Introduction

© Book Editors, CC BY 4.0 https://doi.org/10.11647/OBP.0219.16

For several decades, it has been the communis opinio that, during the Roman Era, Judaism was diverse even beyond the tripartite division found in Flavius Josephus. Beyond the Pharisees, Sadducees, Essenes, and even Jewish Christians, the existence of several other Jewish groups is generally accepted.1 At the turn of the second millennium, however, rabbinic Judaism seems to be ubiquitous in the West, challenged in the East only by Karaism. When and how did this transformation happen? Most scholars have accepted a gradual ascent of rabbinic Judaism in late Roman and early Byzantine Palestine. Even though the standard academic model of a homogenous and dominant rabbinic Judaism following the destruction of the Second Temple (70 CE) has been questioned in recent years, a new paradigm has yet to emerge.2

Rethinking the homogeneity of rabbinic Judaism and emphasizing diversity results, in part, from new archaeological and epigraphic discoveries, such as the synagogue mosaics of Palestine, Babylonian magic bowls, and inscriptions from both Europe and the Near East. The influx of new information raises a flurry of questions. Why do Late Antique synagogues, with their elaborate mosaics, contradict rabbinic aniconism? Would most synagogue worshipers have even recognized rabbinic authority, or would they have considered themselves members of distinct groups? What relationship exists between the Babylonian Talmud and the Babylonian magic bowls, which invoke the rabbis but also refer to Christianity and Zoroastrianism? What does the sudden appearance of the Karaites in the eighth and ninth centuries tell us about rabbinic hegemony (and what is their relationship to Second Temple sects)? How does the depiction of Jews in the Qurʾan (which mentions rabbis and might allude to the Mishnah: see Q 5.32 and cf. m. Sanh. 4.5) tally with the epigraphic evidence from South Arabia? What was the nature of European Jewry prior to the development of Ashkenazic and Sephardic cultures?

This line of questioning inevitably alters our understanding of classical rabbinic texts. Close study of the literary corpora generally attributed to the rabbis (and received as such in the Middle Ages) reveals underlying tensions between rabbis and other Jewish groups. Classical rabbinic literature consists, above all, of Talmud and Midrash. Rabbis composed liturgical poetry (piyyut) and recited Targum, but both literary categories originate in the synagogue, not the rabbinic academy. The exact origin and purpose of the Hekhalot literature, routinely attributed to certain rabbis (e.g., R. Ishmael) but seemingly incongruous with rabbinic warnings against mystical speculation (e.g., m. Hag. 2.1), remain hotly contested. Works that modern scholars reflexively designate ‘Midrash’, including Toledot Yeshu, Pirqe de-Rabbi Eliezer, and Seder Eliyahu Rabbah, differ as much from each other as they do from their classical predecessors. What can these works, with one foot in the rabbinic camp and one foot outside, tell us about the gradual emergence of rabbinic Judaism as normative?
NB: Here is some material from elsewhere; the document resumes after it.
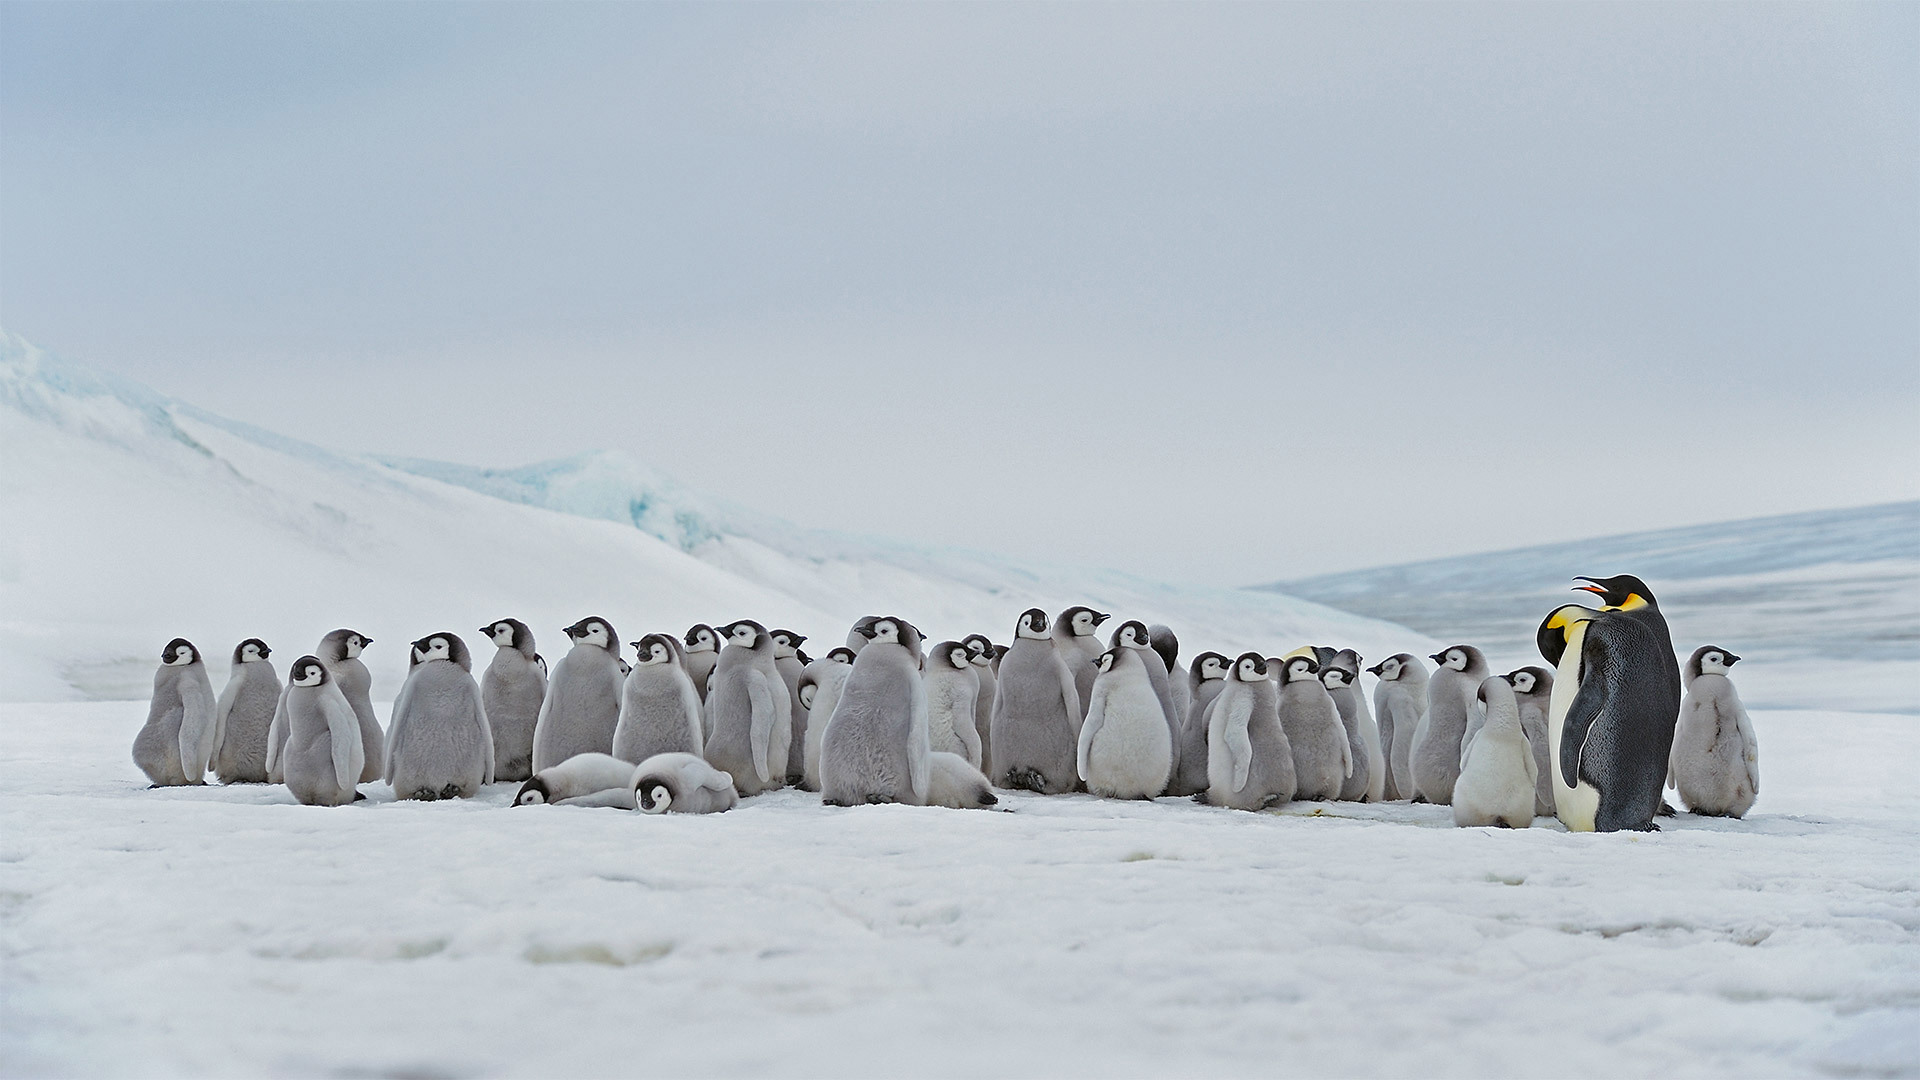 栖息在斯诺希尔岛的成年帝企鹅和幼崽斯诺希尔岛

In June of 2015, we invited a group of scholars to Paris to discuss these questions. The current volume assembles the papers first presented at that meeting. The papers covered a broad range of dates and geographical regions, from fifth-century Rome to tenth-century Babylonia, resulting in the unusual chronological range of 400–1000 CE. We allowed such a wide range in order to include specialists from a number of diverse fields whose work might not easily conform to the common periodizations of ‘Late Antiquity’ or the ‘Early Middle Ages’. It was also critically important for us to have voices representing both the situation in Europe as well as in Palestine, Babylonia, and beyond. Despite this variety, the papers fell naturally into one of four categories. The first section of the volume examines the world of the synagogue, the meeting place of several Jewish groups beyond the rabbis. The second and third sections look at direct evidence for non-rabbinic Jewish groups, first in the Near East and then in Europe. The fourth section focuses on the rabbinic texts which appear to be directed at non-rabbinic Jews. A concluding essay draws all these threads together.
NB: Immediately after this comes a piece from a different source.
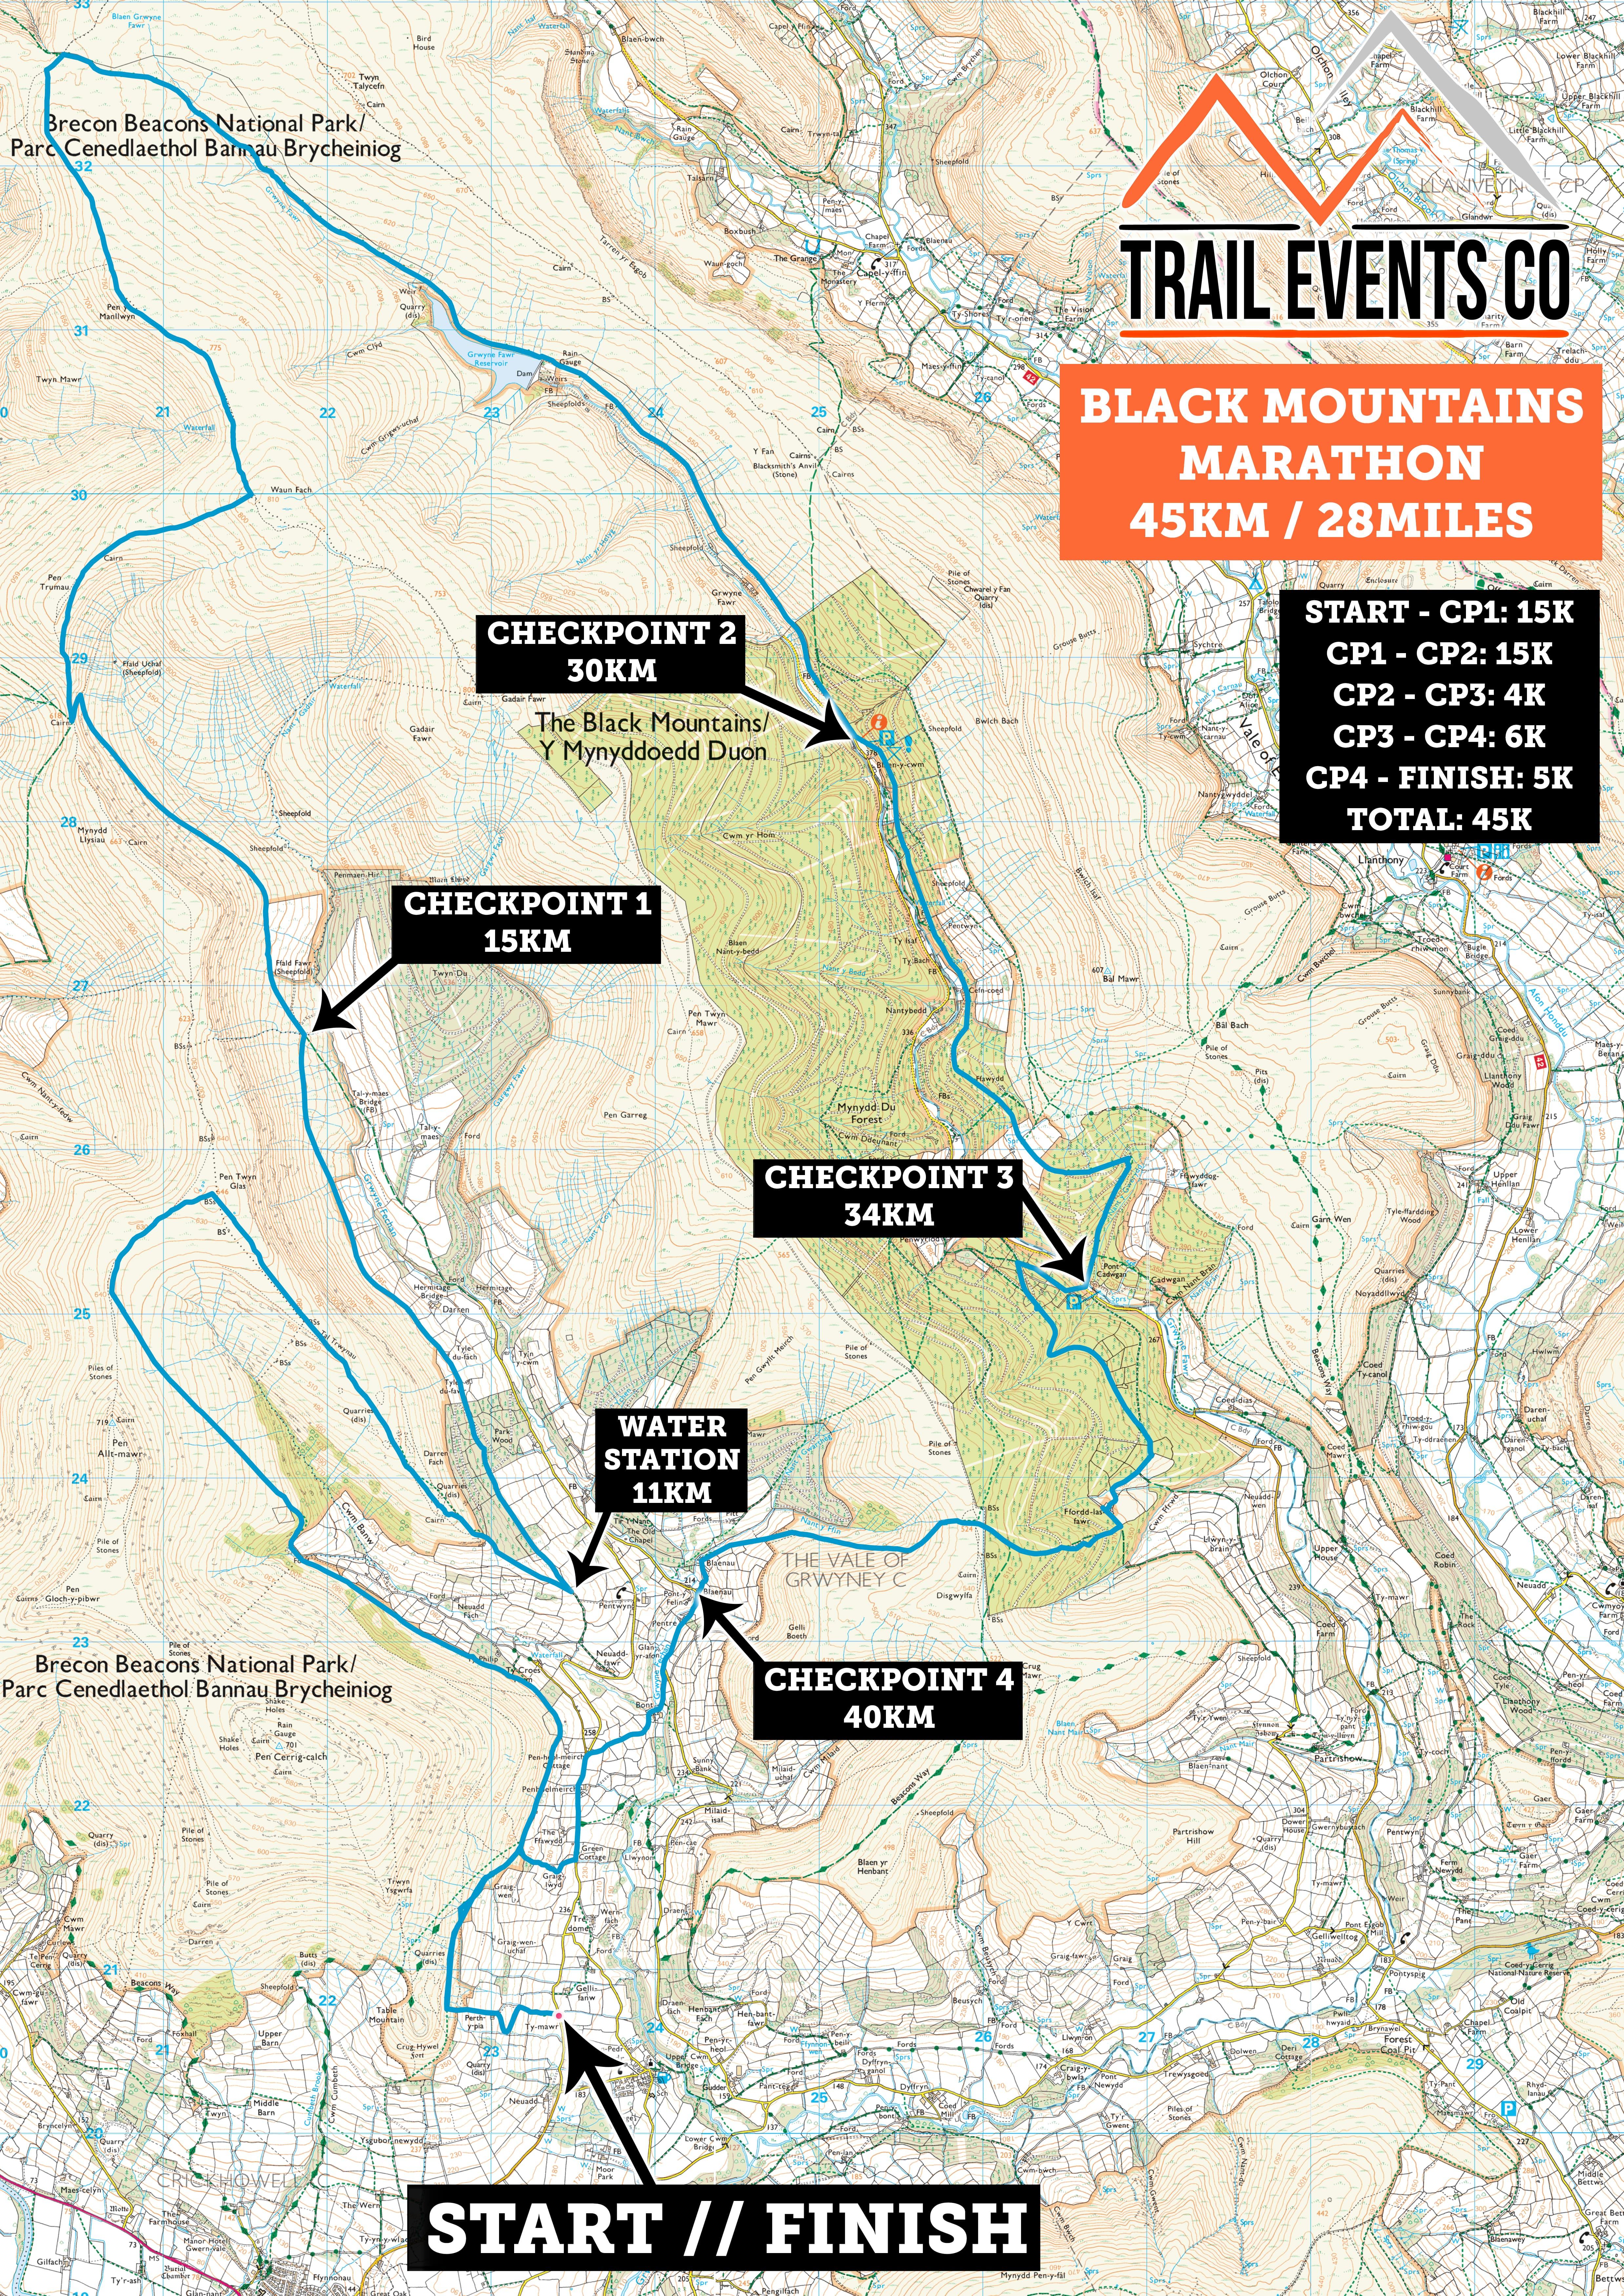 Black Mountains Marathon

The most tangible challenge to the traditional paradigm of ancient Jewish history, in which the rabbinic movement is viewed as the dominant force in Jewish societies in Palestine and beyond, came from the discovery of Late Antique synagogues with structures and decorations that differ from or are even opposed to what one would expect from a ‘rabbinic’ synagogue. In the period covered by this volume—as in modern times—the synagogue manifests great diversity in Jewish society in matters of cult and in relation to the surrounding societies and their cultures. In fact, even before we compare the ancient synagogue with data from Talmudic literature, we are confronted with an impressive variety of synagogue art and architecture that seriously challenges any attempt at generalization. The synagogue is therefore a good vantage point to begin our inquiry about diversity and rabbinization in the Late Antique and Early Medieval Jewish world.
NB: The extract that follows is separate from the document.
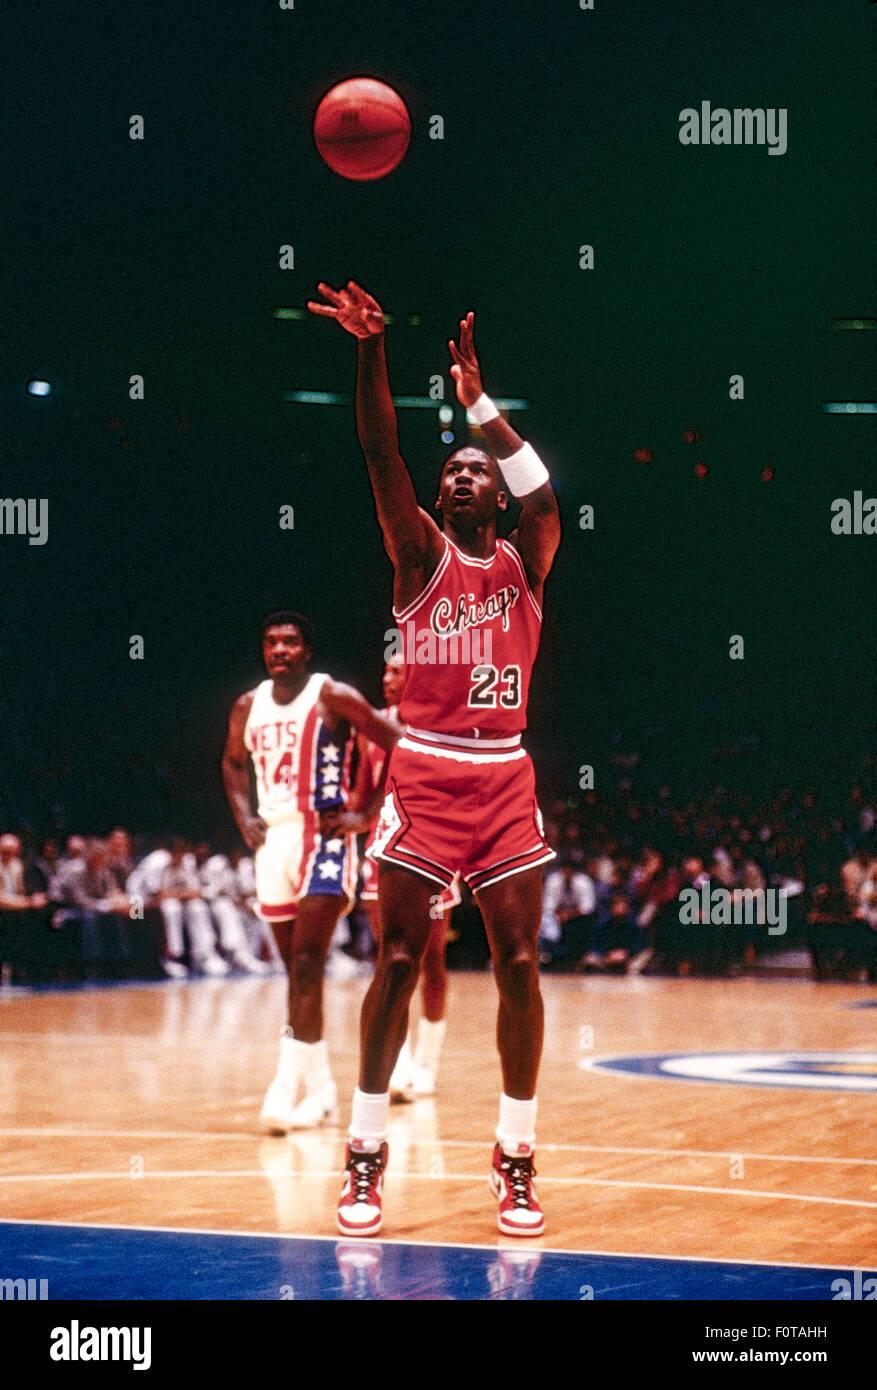 Michael Jordan Stockfotos & Michael Jordan Bilder - Seite 3 - Alamy

The variety of Late Antique synagogues is the subject of Lee I. Levine’s article ‘Diversity in the Ancient Synagogue of Roman-Byzantine Palestine: Historical Implications’. Levine criticizes the hypothesis of a linear development of synagogue types and shows that there was a great deal of diversity in synagogue art, architecture, and even liturgy throughout Late Antiquity. Furthermore, the number and size of synagogues suggest a thriving Jewish community even after the Christianization of the Roman Empire, a time that has normally been viewed as one of steady decline for the Jews.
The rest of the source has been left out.